Altra caratteristica della città è la divisione a metà delle insulae mediante un
canale, ambitus, destinato a raccogliere i rifiuti della città ed a smaltire le
acque piovane superflue: parte di queste, infatti, venivano raccolte in cisterne,
sia private che pubbliche, per i varî bisogni dei cittadini.

Recenti scavi hanno messo in luce varî edifici pubblici raccolti tutti in un solo
quartiere: si tratta di una grande piazza, di altari, di un teatro e di
un odeon. Le case sono di varia grandezza e hanno tutte, tranne quelle
piccole, l'atrio con peristilio; le pareti delle case sono spesso decorate con
affreschi, che richiamano sia le case di Delo che quelle pompeiane.

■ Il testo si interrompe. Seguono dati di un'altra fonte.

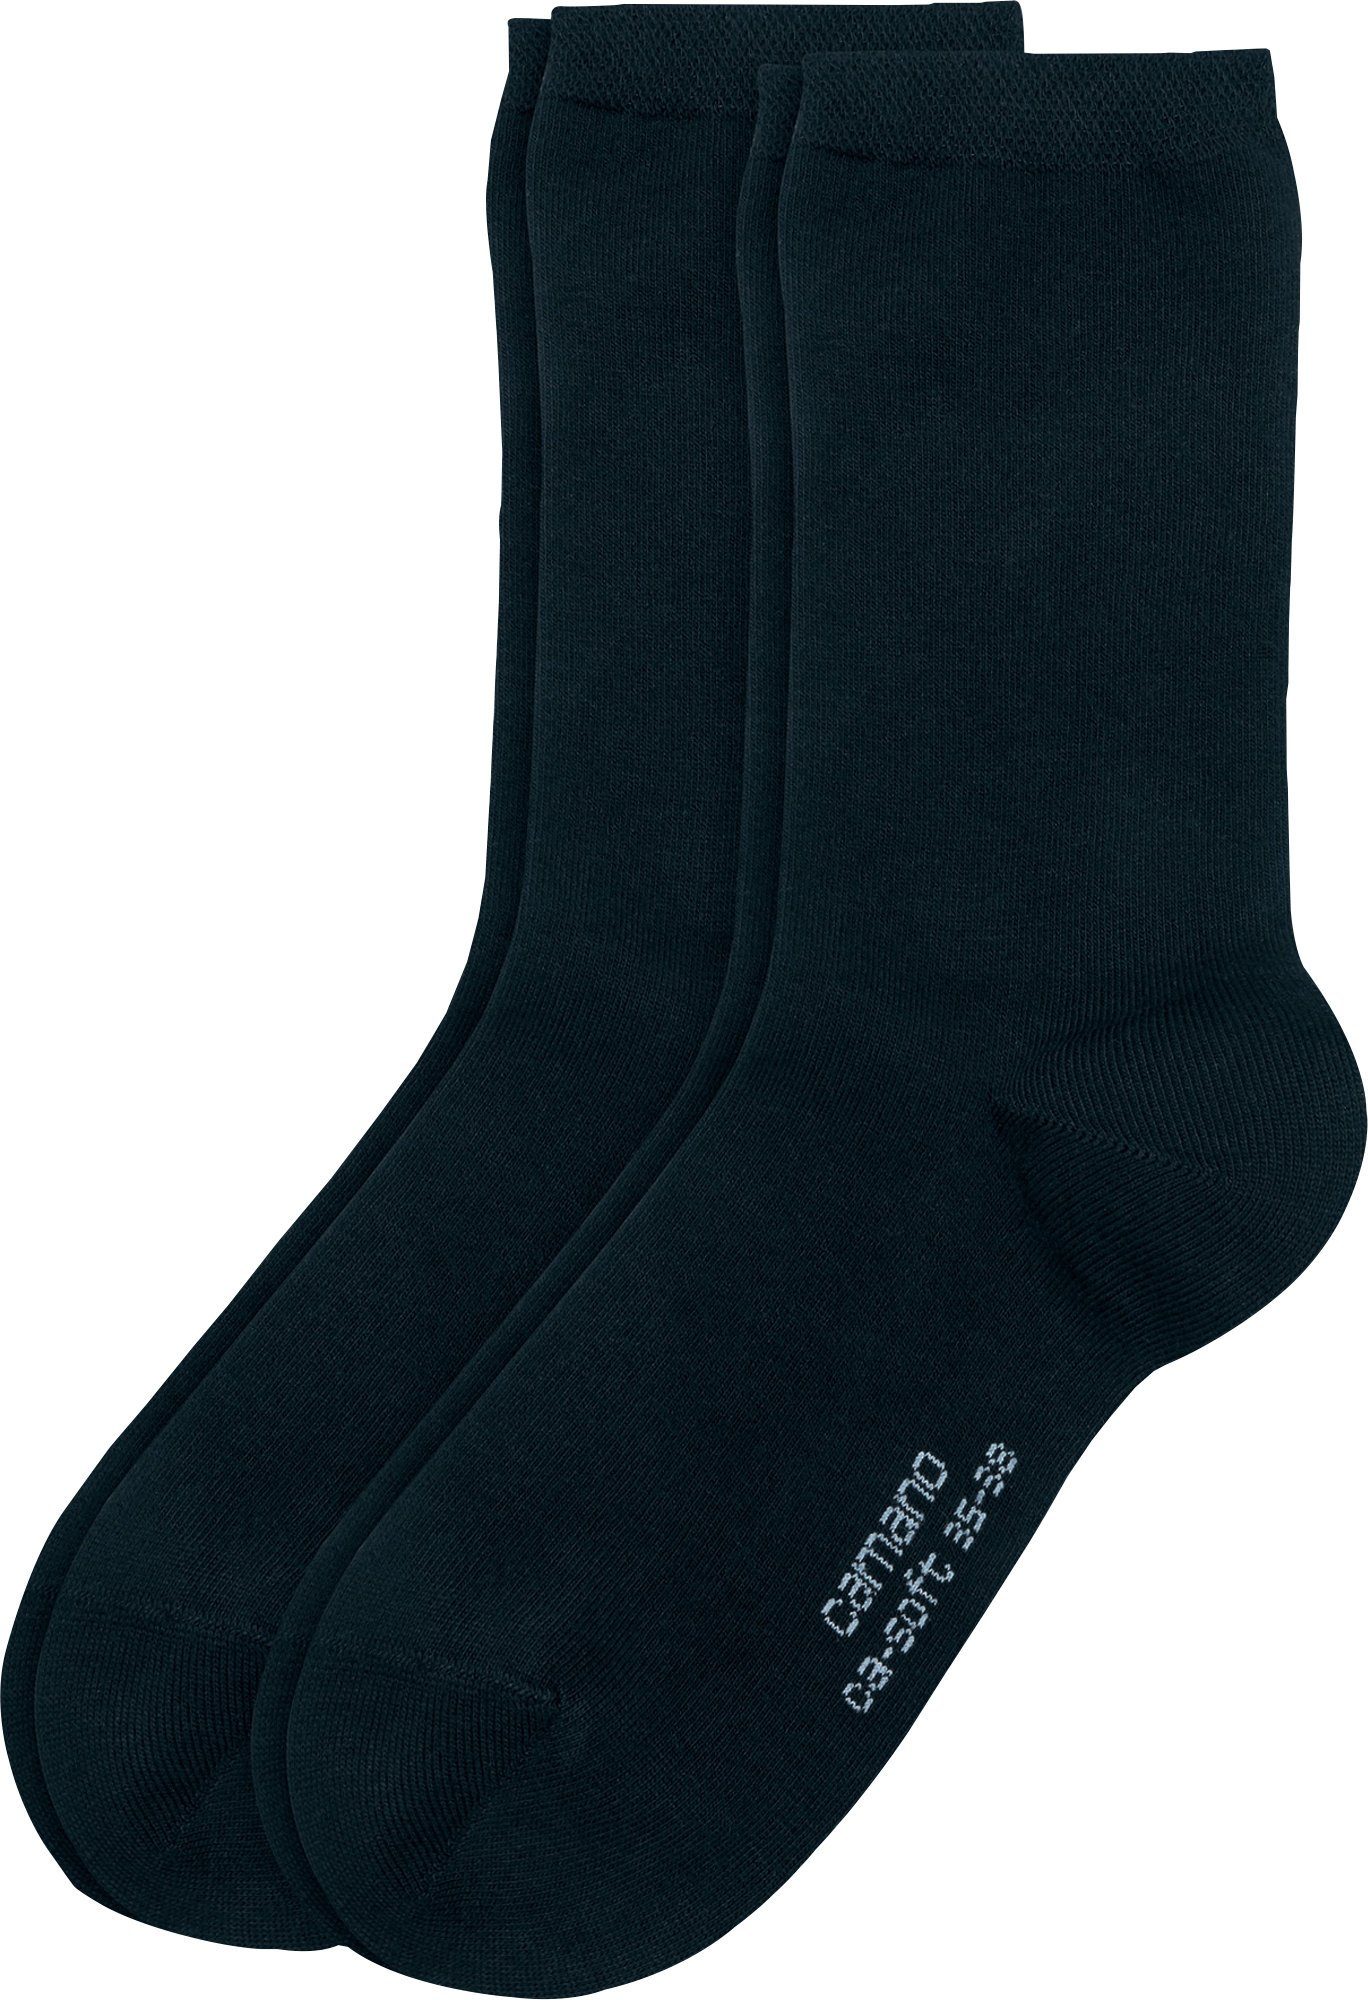 Camano Socken Damen-Socken 2 Paar Uni marine

Per i suoi caratteri S. si ricollega alle città greche di epoca ellenistica come
Mileto, Delo, Priene, Olinto, Pergamo, ecc. La necropoli si estendeva nella
pianura sottostante ed era costituita sia da tombe a fossa che da tombe a
camera, scavate nella roccia secondo l'uso punico . S. ebbe una zecca propria.

Forse per averla volontariamente abbandonata, gli antichi abitanti di S.

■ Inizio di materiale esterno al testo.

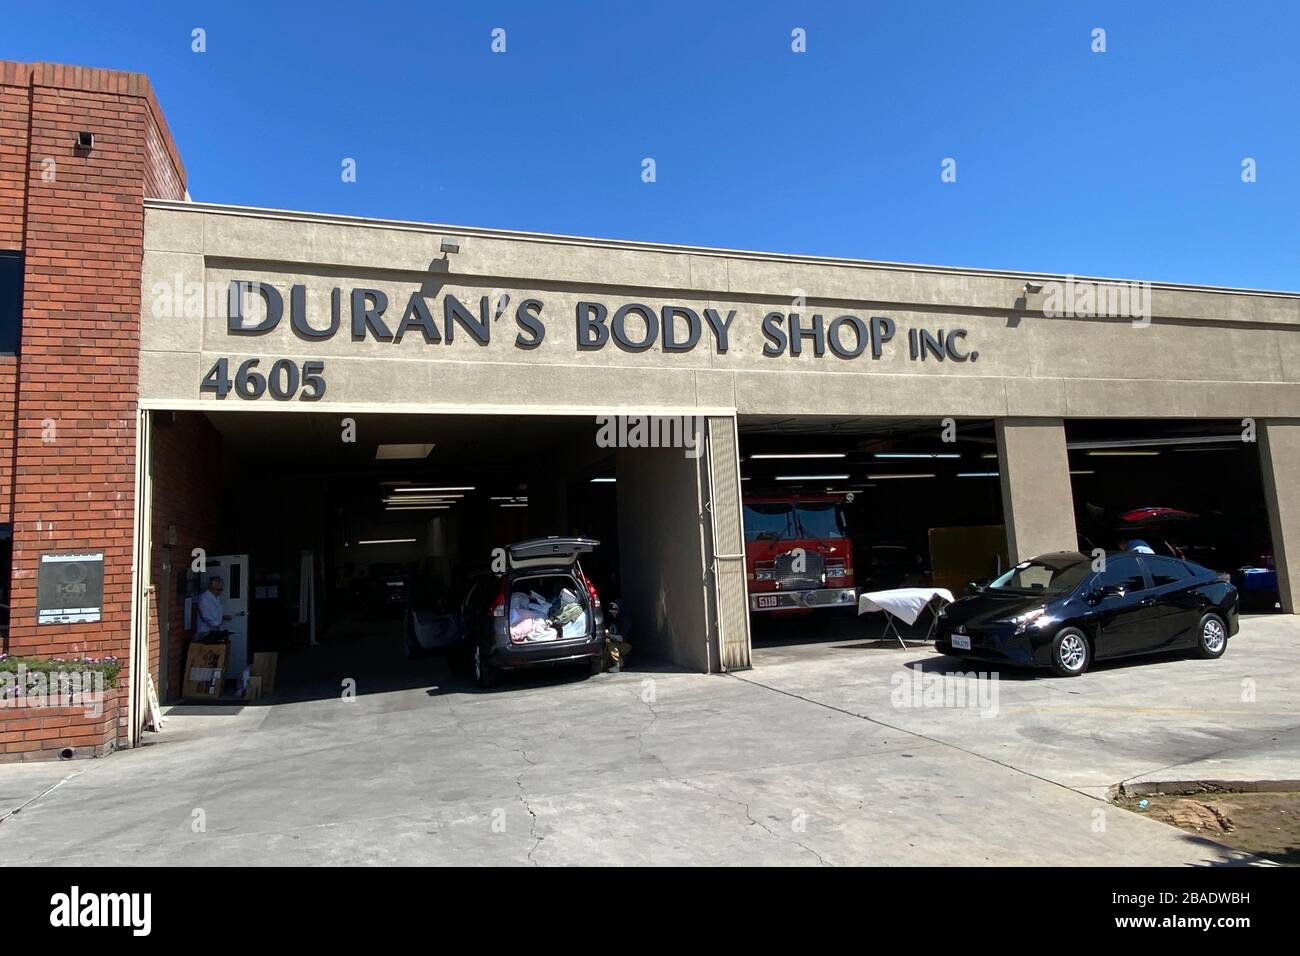 Visione generale del Body Shop di Duran in mezzo all'epidemia globale di coroinavirus COVID-19, giovedì 26 marzo 2020, a Los Angeles. (Foto di IOS/Espa-Images) Foto Stock

portarono via tutto quanto poterono: per questo motivo pochissimo è il
materiale archeologico che si rinviene nello scavo della città. Il dato più
interessante è costituito dall'urbanistica: a S., infatti, per la prima volta in
Sicilia, coliosciamo una pianta di città ippodamea in tutto simile a quelle
dell'Asia Minore sopra citate. Notevoli, altresì, i molti capitelli, dorici, ionici e
corinzî, che, insieme a tutto il materiale rinvenuto, si conservano nel Museo
Nazionale di Palermo e nell'Antiquarium recentemente costruito nella zona
archeologica.

L'esame del materiale rinvenuto dà l'impressione di una città fortemente


influenzata dall'elemento greco-ellenistico che perdurò anche in epoca
romana, ma in cui affiorano ogni tanto, fin in epoca romana, sicuri elementi
punici (simboli religiosi punici nelle arulae-thymiatèrion, altare
all'aperto, oscillum con iscrizione punica, ecc.), il che ci autorizza ad
affermare che l'elemento punico, pur dominato dalla superiore civiltà greca o
conquistato dai Romani, resisteva sempre e si manifestava anzi in quelle
forme e in quei monumenti che più da vicino toccavano il suo spirito.